Dittos & Worksheets & Packets, Oh my!!

So, your school department actually has a manual for you and it’s full of printables… They were designed by educators and statisticians… and people that must know more about teaching this content than you do… so why aren’t you students engaged? Well, I am writing this post to make sure you don’t “throw out the baby with the bath water!” Before you throw away every workbook and ditto in your classroom… let’s put our heads together.

You are right, experts did design these materials, so there’s probably something that works in here…

 Don’t reinvent the wheel- Re-purpose it instead!

Here’s a template for a cube (as well as other amazing ideas- amazing wiki). Why not put the best questions from your packet on the 6 sides of the cube and let students roll and discuss in pairs? Your goal (with the packet) was for students to think about the questions, right? Imagine all the ideas they’ll get from their partner when rolling the cube??!! Two heads are always better than one.

You could listen in on student conversations and assess their Speaking & Listening Skills or their content knowledge. Another idea is to assess student learning with an exit slip at the end of class. When you encourage students to have conversations, arm them with sentence stems and accountable talk to make it as productive as possible.

What will you re-purpose this week? Let us know in the comments & you may inspire someone else to take a similar risk!

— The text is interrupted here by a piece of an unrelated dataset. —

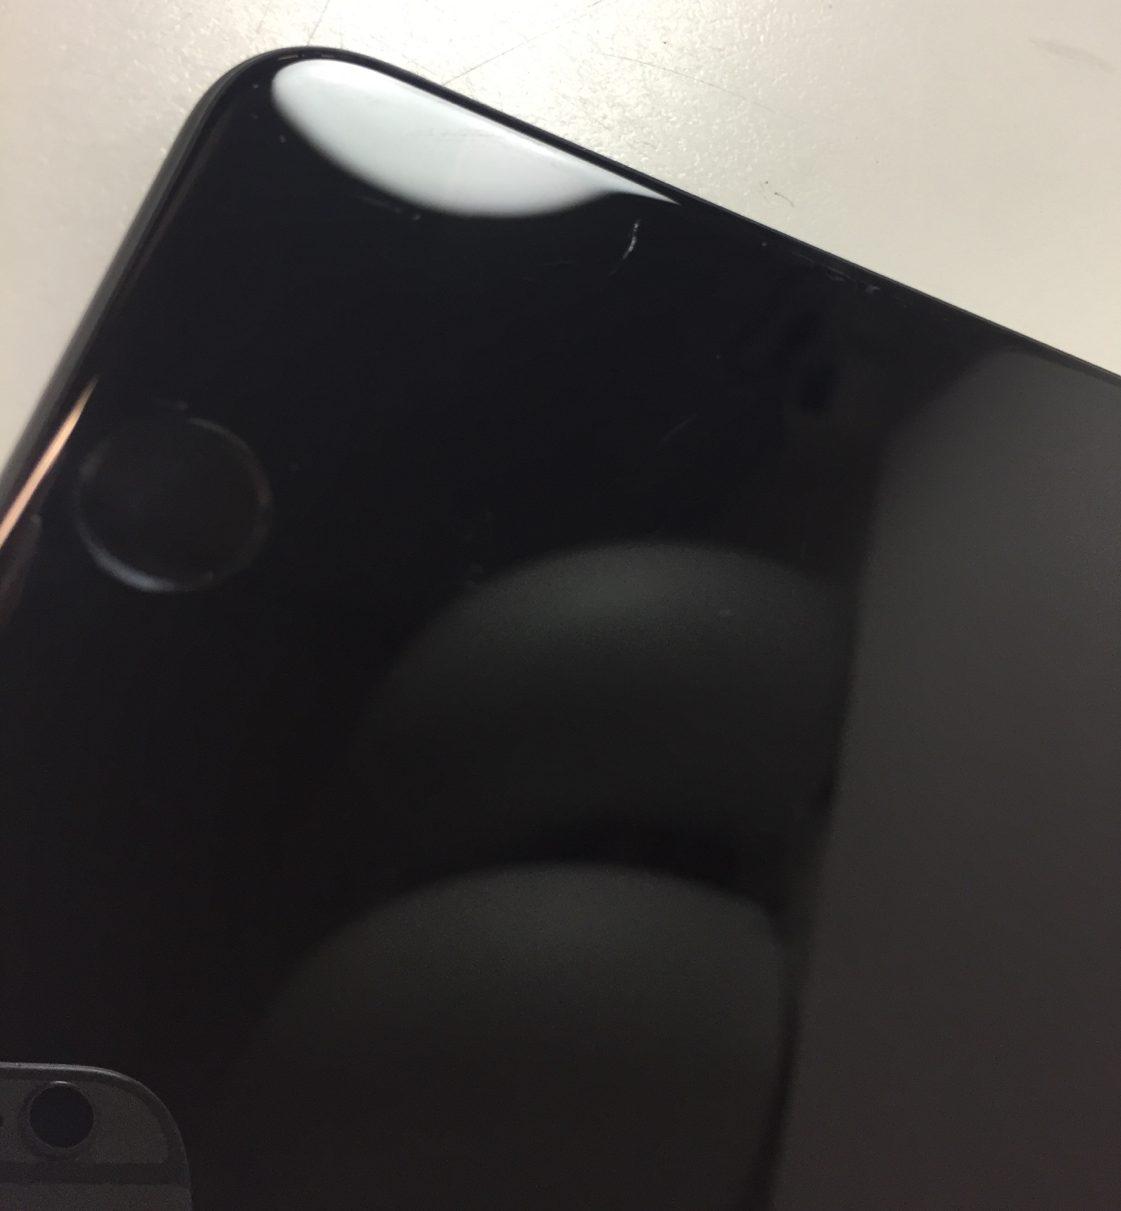 iPhone 8 Plus 64GB, 64GB, Space Gray, Afbeelding 3
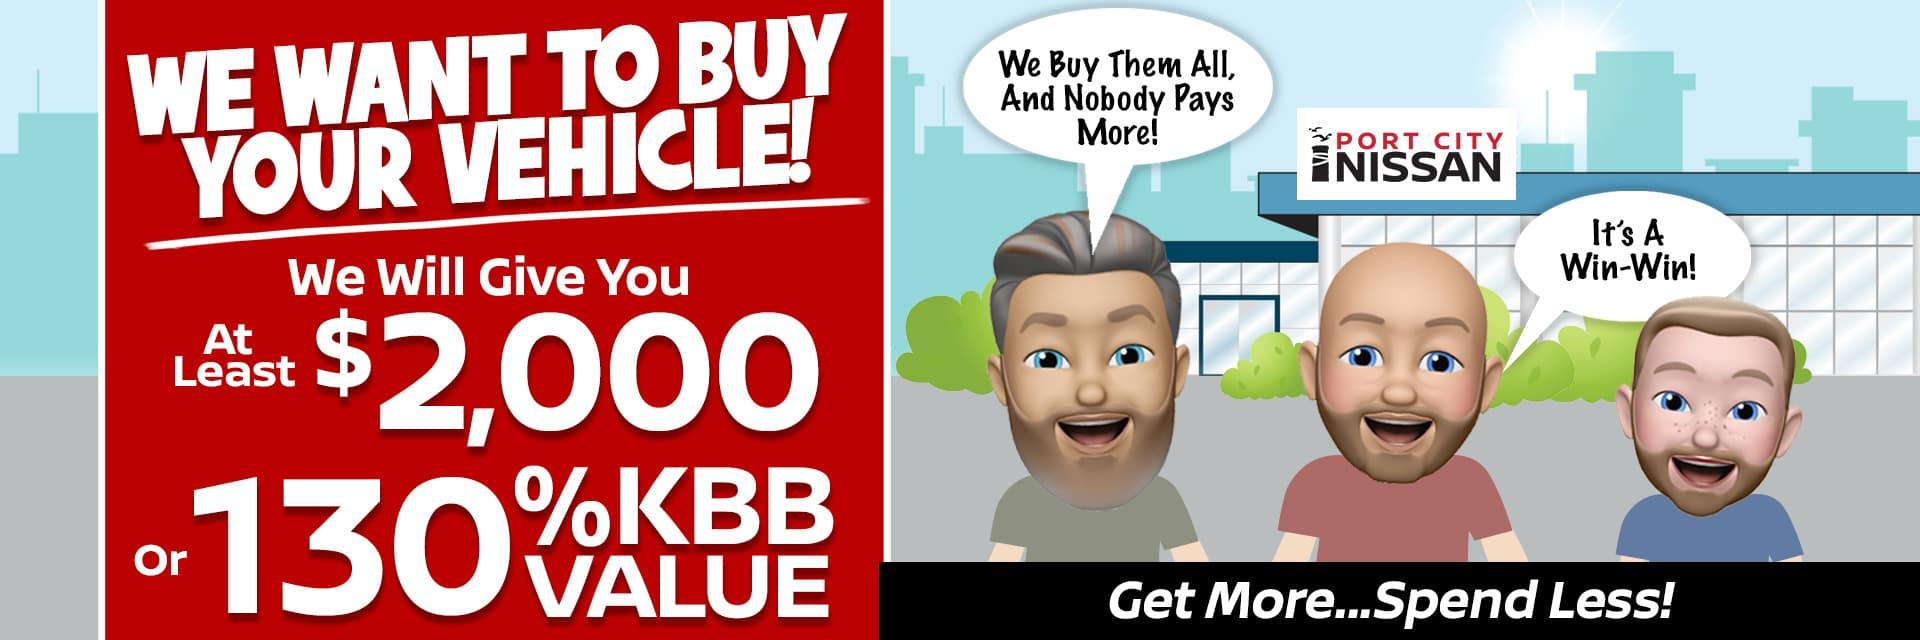 130% KBB Value Port City Nissan

PS… I’m looking to give away a TpT gift certificate to a lucky blog commenter this week! Spread the word- bring a friend!

Author: Alicia

I am convinced that the best way to improve educational outcomes for students is to support and empower teachers. I have been a teacher in Rhode Island for eleven years and am returning to my classroom after two years on full-release, supporting beginning teachers. This work is amazing and my learning never stops! I have learned so much about schools, learning, teaching and the power of collaboration.

One thought on “Dittos & Worksheets & Packets, Oh my!!”

  1. Thanks for sharing all of these great resources, Alicia! I recently had the opportunity to see a first grade teacher facilitate an accountable talk discussion during guided reading. You heard me right…facilitate the discussion, not lead it! I heard students say things like, “So what you’re saying is….but can you tell me a little bit more about? Can you please find the evidence in the text to support that?” I was nearly jumping out of my seat! And now you ask, how did he get to this point with his students?? Lots of modeling and lots of sentence stems to scaffold students’ discussion techniques. He also challenged (and engaged) his students by creating a teacher vs. students chart and every time he used an accountable talk stem, he earned a point for keeping the conversation going and every time students used a stem and/or kept the conversation flowing, they earned a point. Genius, right???? It was pretty amazing!!! Who says first graders can’t engage in meaningful discussions????? Not me…that’s for sure!!!!